What's the difference between slicing cases and filtering cases?
Fill in the blanks to fix the following code to find planes that have more than three engines:
planes_df.loc[______['______'] > 3]
If we want to select variables and filter cases at the same time, we have a few options:
We can use what we've previously learned to select variables and filter cases in multiple steps:
planes_df_filtered = planes_df.loc[planes_df['manufacturer'] == 'EMBRAER']
planes_df_filtered_and_selected = planes_df_filtered[['year', 'engines']]
planes_df_filtered_and_selected.head()
| year | engines | |
|---|---|---|
| 0 | 2004.0 | 2 | 
| 4 | 2002.0 | 2 | 
| 10 | 2002.0 | 2 | 
| 11 | 2002.0 | 2 | 
| 12 | 2002.0 | 2 | 
This is a good way to learn how to select and filter independently, and it also reads very clearly.

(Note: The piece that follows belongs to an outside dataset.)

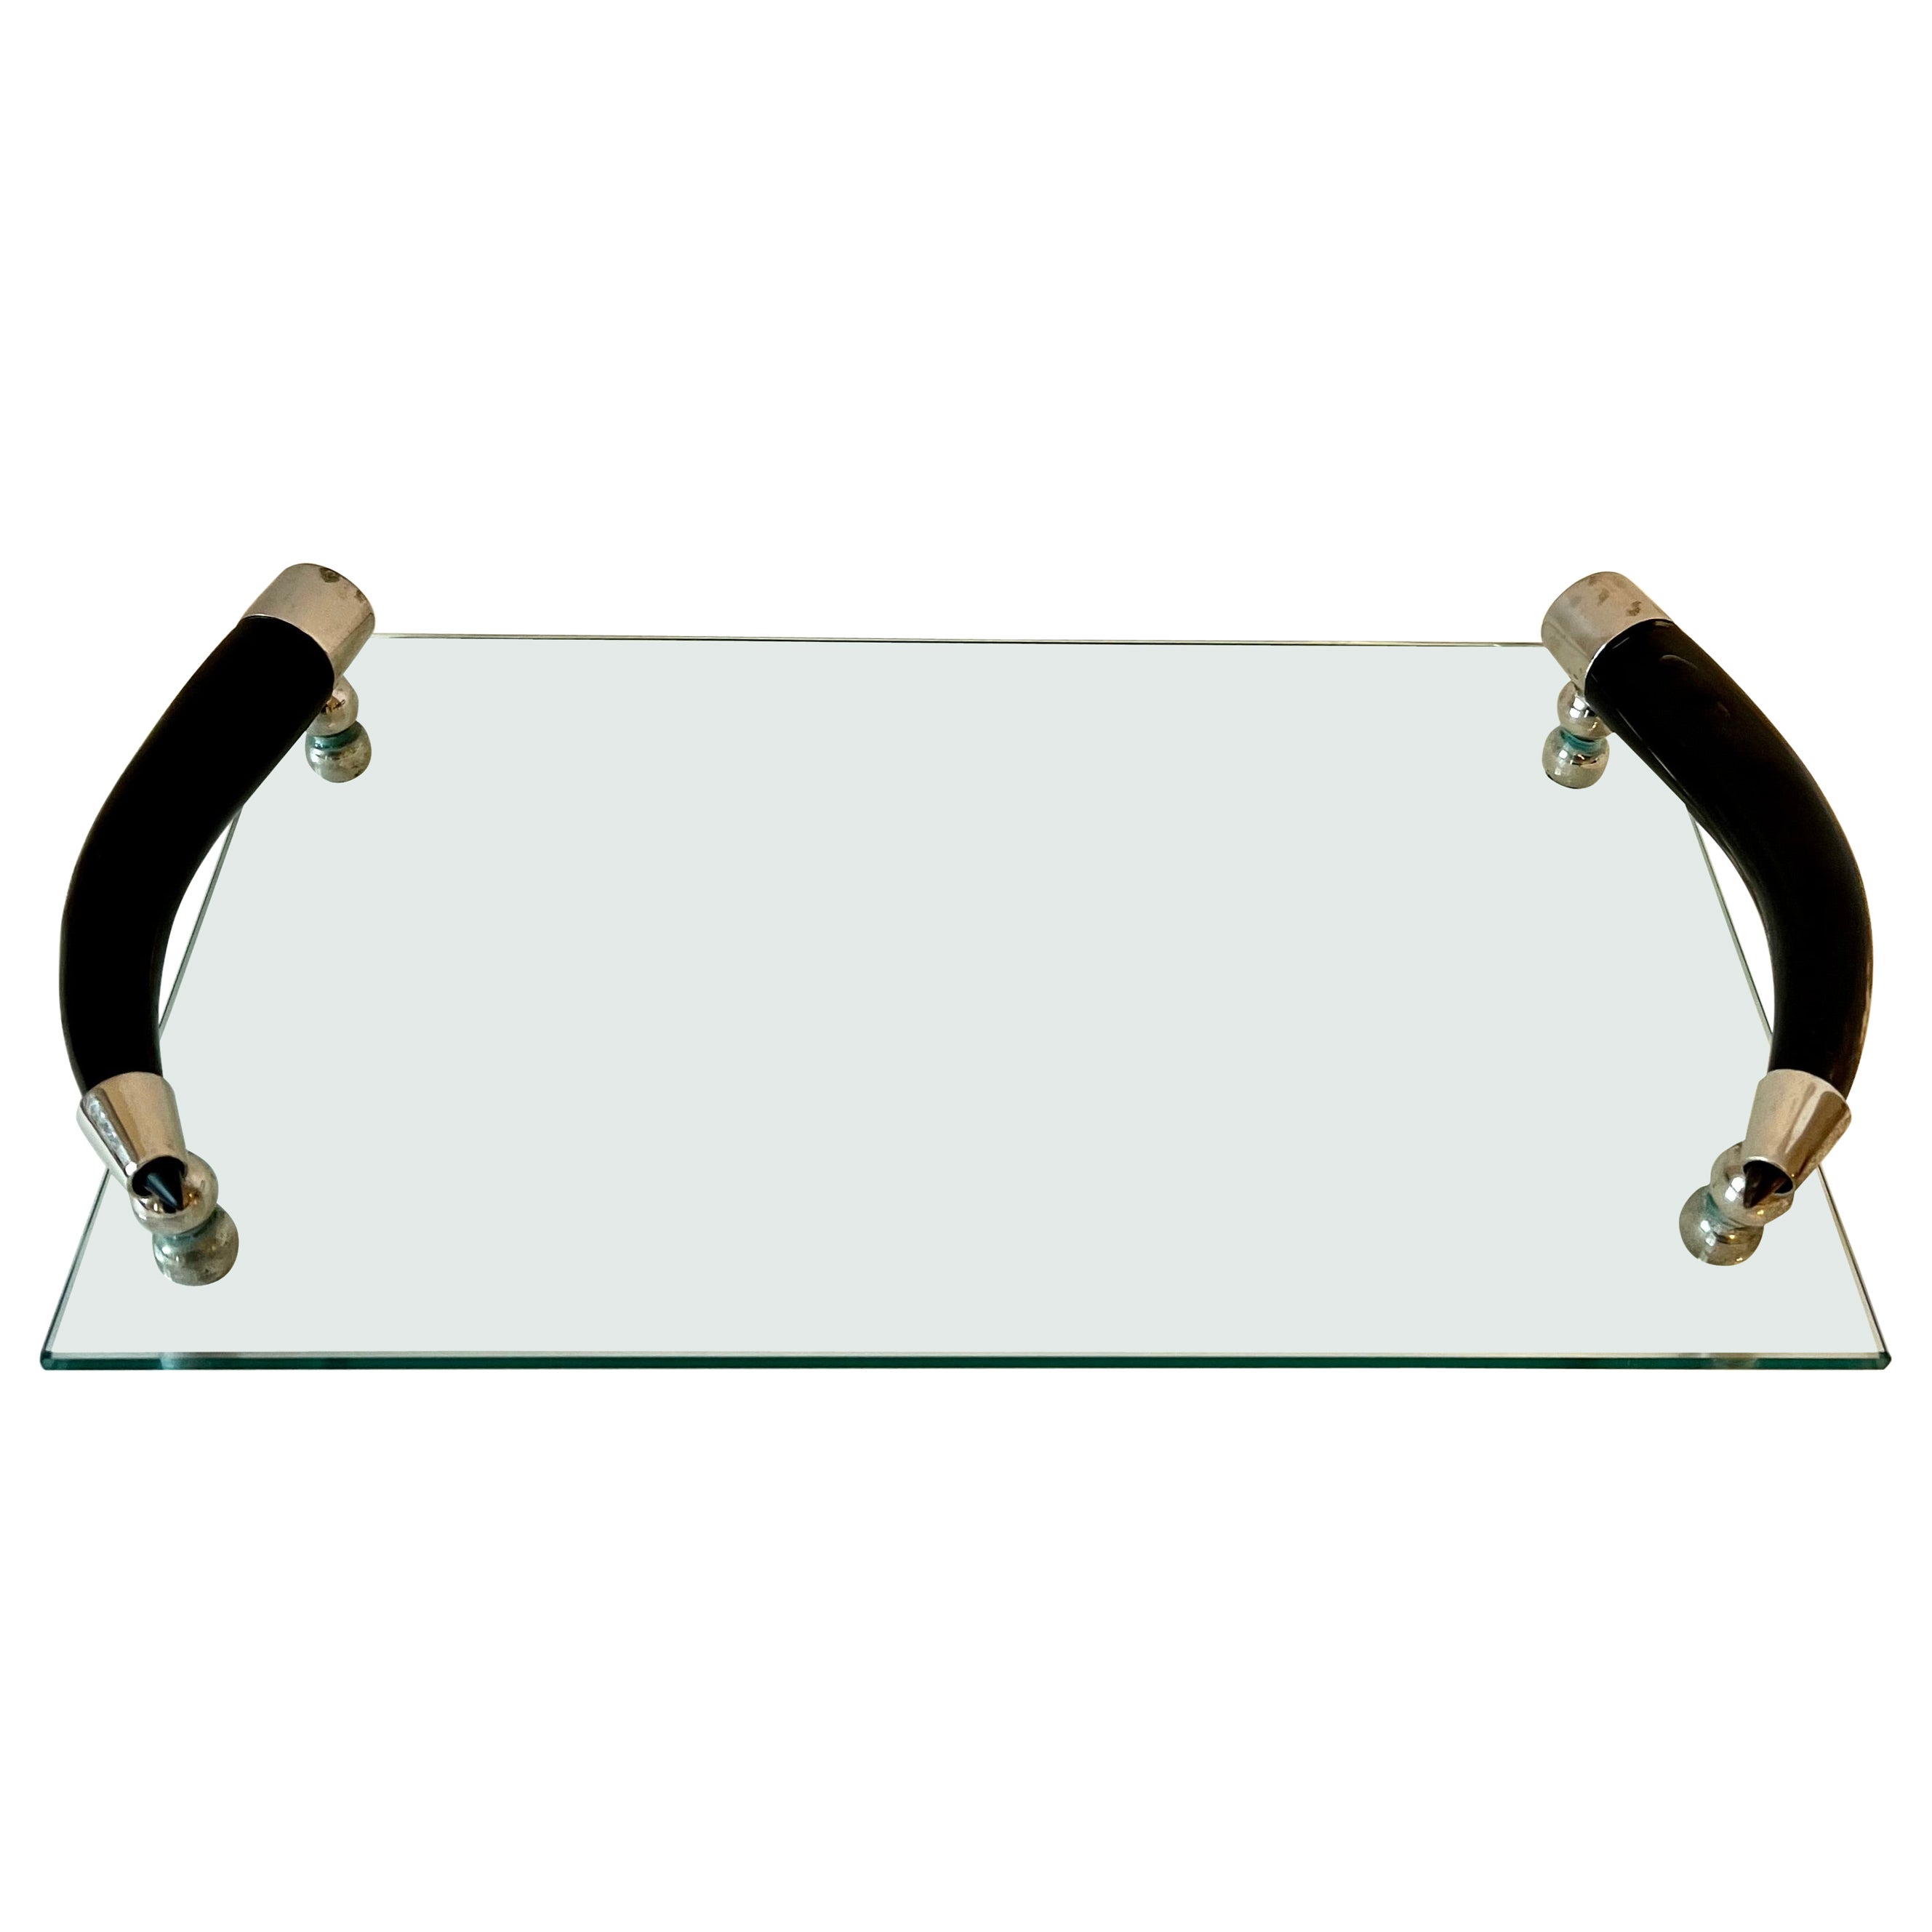 Rectangular Glass Tray with Bone Handles with Silver Plate Fittings and Feet

However, we can also do both selecting and filtering in a single step with .loc:
planes_df.loc[planes_df['manufacturer'] == 'EMBRAER', ['year', 'engines']].head()
| year | engines | |
|---|---|---|
| 0 | 2004.0 | 2 | 
| 4 | 2002.0 | 2 | 
| 10 | 2002.0 | 2 | 
| 11 | 2002.0 | 2 | 
| 12 | 2002.0 | 2 | 
This option is more succinct and also reduces programming time.
Subset planes_df to only include planes made by Boeing and the seats and model variables.
Are there any questions before we move on?